3.2. Spousal concordance in three generations

Estimates of spousal correlations are also shown in Tables and Figure 1. There were moderate but significant spousal correlations across the three generations, except for two older birth cohorts in the parental and grandparental generations. Spousal correlations were higher (ranged from 0.39–0.55) in the twin generation, and lower in the parental (0.19–0.46) and grandparental (0.19–0.48) generations. Due to fewer participants among these two generations, confidence intervals for spousal correlations were wider than those for twin generation. As shown in Figure 1, the smoking prevalence in females consistently increased from the oldest (6%) to the youngest (49%) cohorts, whereas the patterns of smoking concordance only demonstrated a weak increase following the prevalence change in women, this maybe partly due to the presence of large and opposing changes in the trend for tobacco use in men and women. Nevertheless, there was still a trend with higher smoking concordance in younger cohorts in both twins and parental generations.

4. Discussion

Consonant with other data, this study demonstrated a steadily increasing trend of lifetime smoking for females, from less than 10% in the oldest cohort to 49% in the 1964–1971 cohort. In contrast, a significant decreasing trend was found only for the male twin generation, from around 70% in older cohorts to 45% in the 1964–1971 cohort, and an increasing trend in the grandparental generation. This is consistent with Lopez and colleagues cigarette epidemic model, in which from stage II to stage III, male smoking prevalence first increases then declines, but female smoking prevalence keeps rising until reaching a plateau. Similar trends were found in population-based epidemiological surveys of smoking in Finland and Australia (Laaksonen et al., 1999; White et al., 2003). The Smoking and Health Survey in Australia reported that smoking prevalence in males was 40% in 1980 and only 25% in 2001, while female smoking prevalence was 30% in 1980 and 21% in 2001 (Laaksonen et al., 1999; White et al., 2003). If stratified by age, this secular trend still holds. Meanwhile, younger adults have higher smoking prevalence than older groups. Although our prevalence estimates were largely similar to those found in epidemiological studies of different birth cohorts, it is still necessary to bear in mind that the identification of risk factors associated with tobacco use may be quite different across generational or panel data. In the future, extended twin models which include data from different generations can be expanded to evaluate the continuity of possible predictors and mediators for the risk of smoking within families.
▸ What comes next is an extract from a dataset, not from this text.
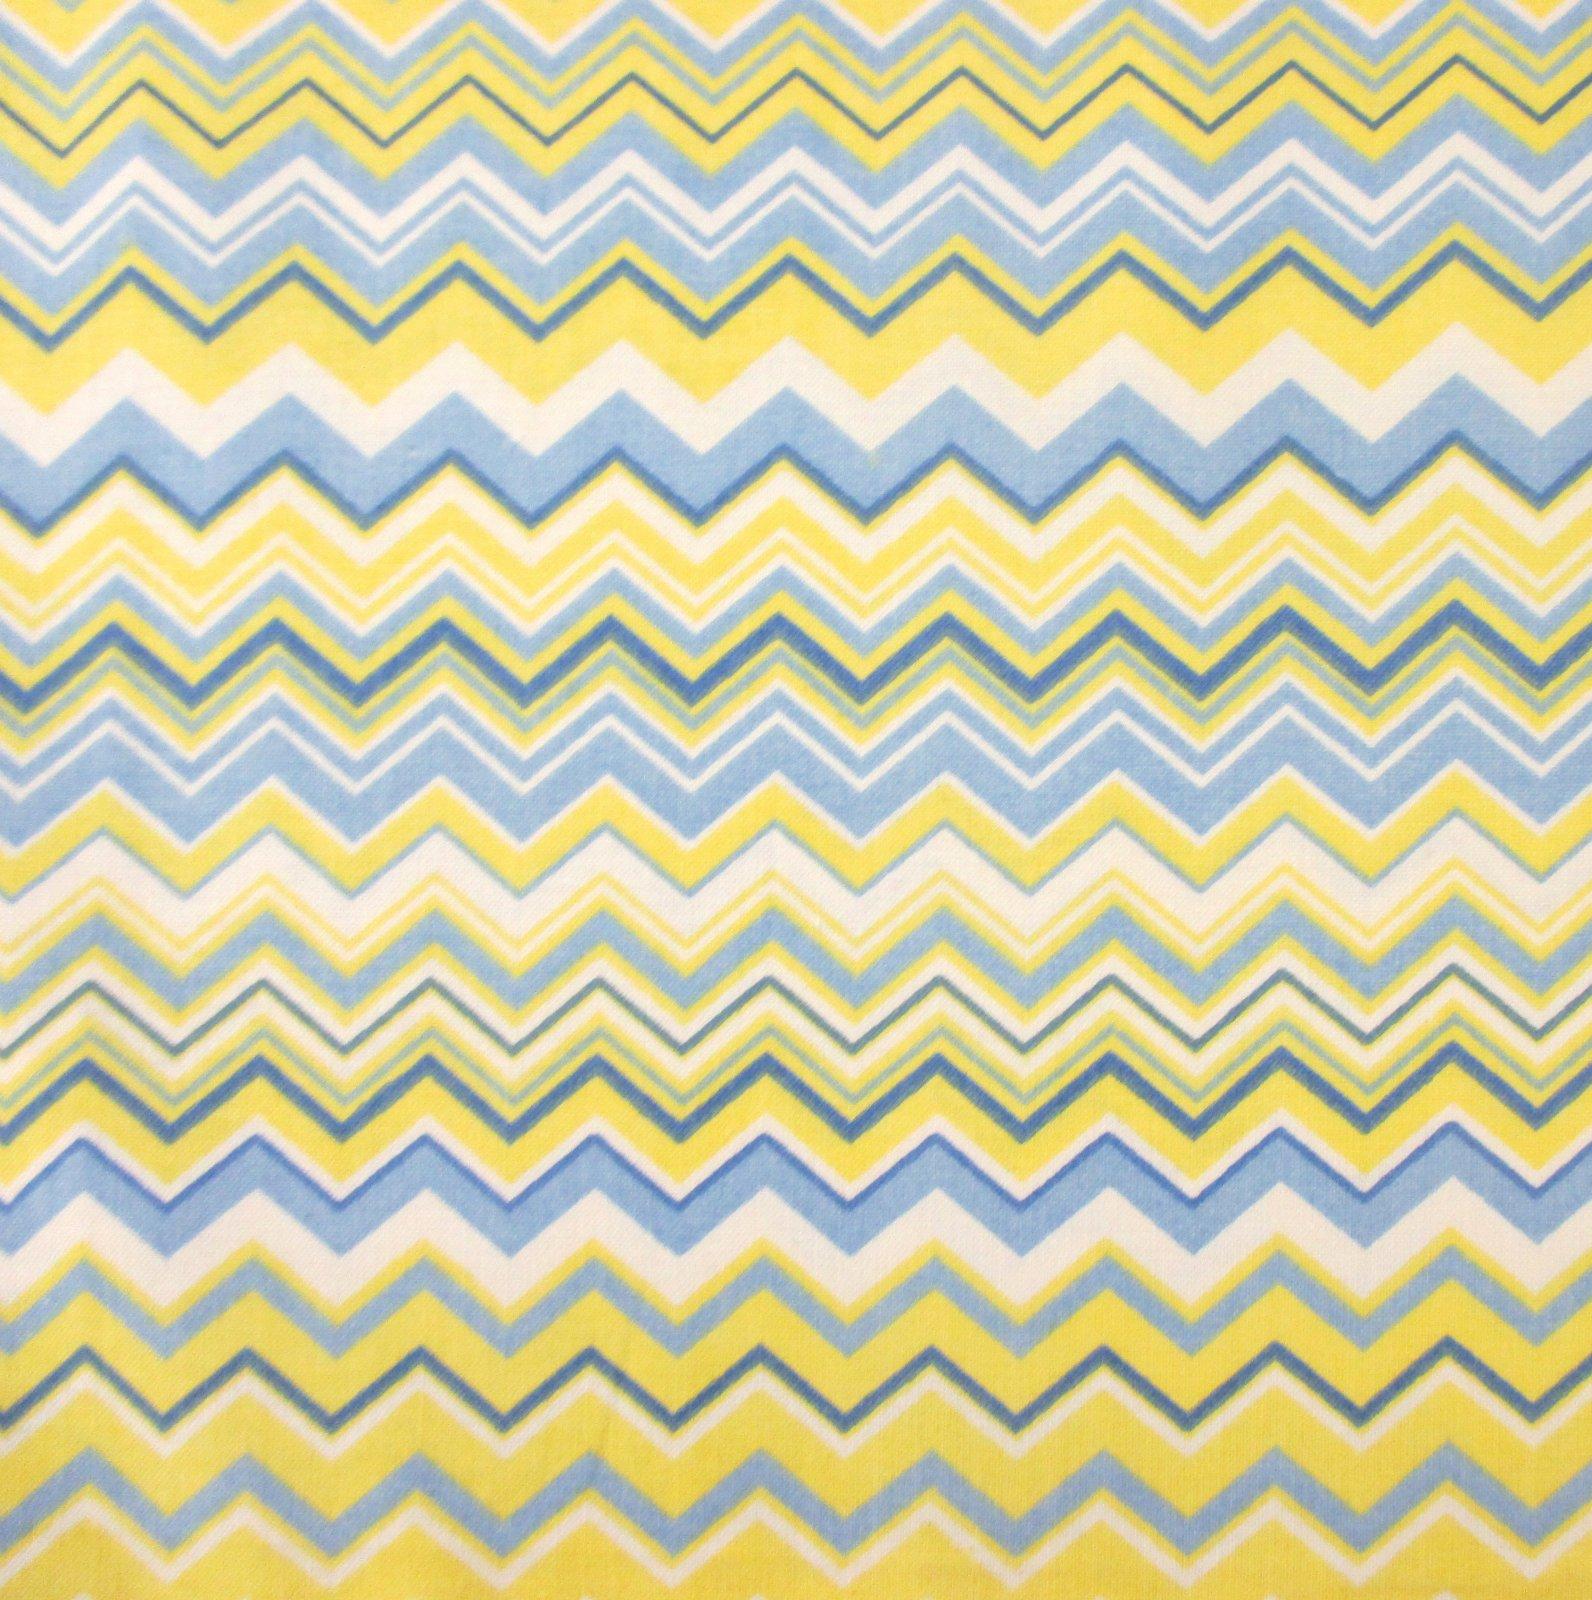 A.E. Nathan - Chevron - Blue/Yellow/White

Males have a higher average prevalence of smoking than females; however, this gap is smaller in younger cohorts and this trend has been found worldwide. The Global Youth Tobacco Survey report based on 76 countries found more than half of the countries showed no difference by sex for cigarette smoking and other tobacco products (Global Youth Tobacco Survey Collaborating, 2003). This pattern is also similar for data from the US adults that the difference of smoking prevalence between males and females progressively diminished across years. In 1955, males had higher prevalence than women of 28.5% and reducing to 4.5% in 2001.

In the present study, tobacco use was operationalized as lifetime history of smoking rather than current smoking. Interestingly, we notice that compared to the results of current smoking prevalence obtained from the national cross-sectional survey in Australia by age groups, our lifetime smoking prevalence was roughly 5–10% higher than their rates of current smoking for female twins in all birth cohorts and for male twins in only younger cohorts. In male older birth cohorts (twins born before 1931), however, prevalence of current smoking in White et al. (2003) was much less than lifetime smoking in the present study (20–40% vs. over 60%). One reason to explain this may be the differences of smoking cessation rates across genders and cohorts. We would speculate that older men tend to stop smoking more frequently than younger men, but females appear to have similar smoking cessation rates across different age groups. This observation is partly supported by studies which found that men are more likely to quit smoking than women, and that older people are more successful at smoking cessation (Franks et al., 2002; Lopez et al., 1994; Monso et al., 2001). It indicates that the female population would have lower cessation rate, especially among younger women. Although female smoking cessation rates were not assessed in this study, based on our findings that nearly 30% of females in older cohorts smoked and the fact that young females in Australia have the highest smoking prevalence, tobacco use in women merits increased research scrutiny. Effective intervention programs need to not only to prevent smoking among young women, but should also target females for smoking cessation programs.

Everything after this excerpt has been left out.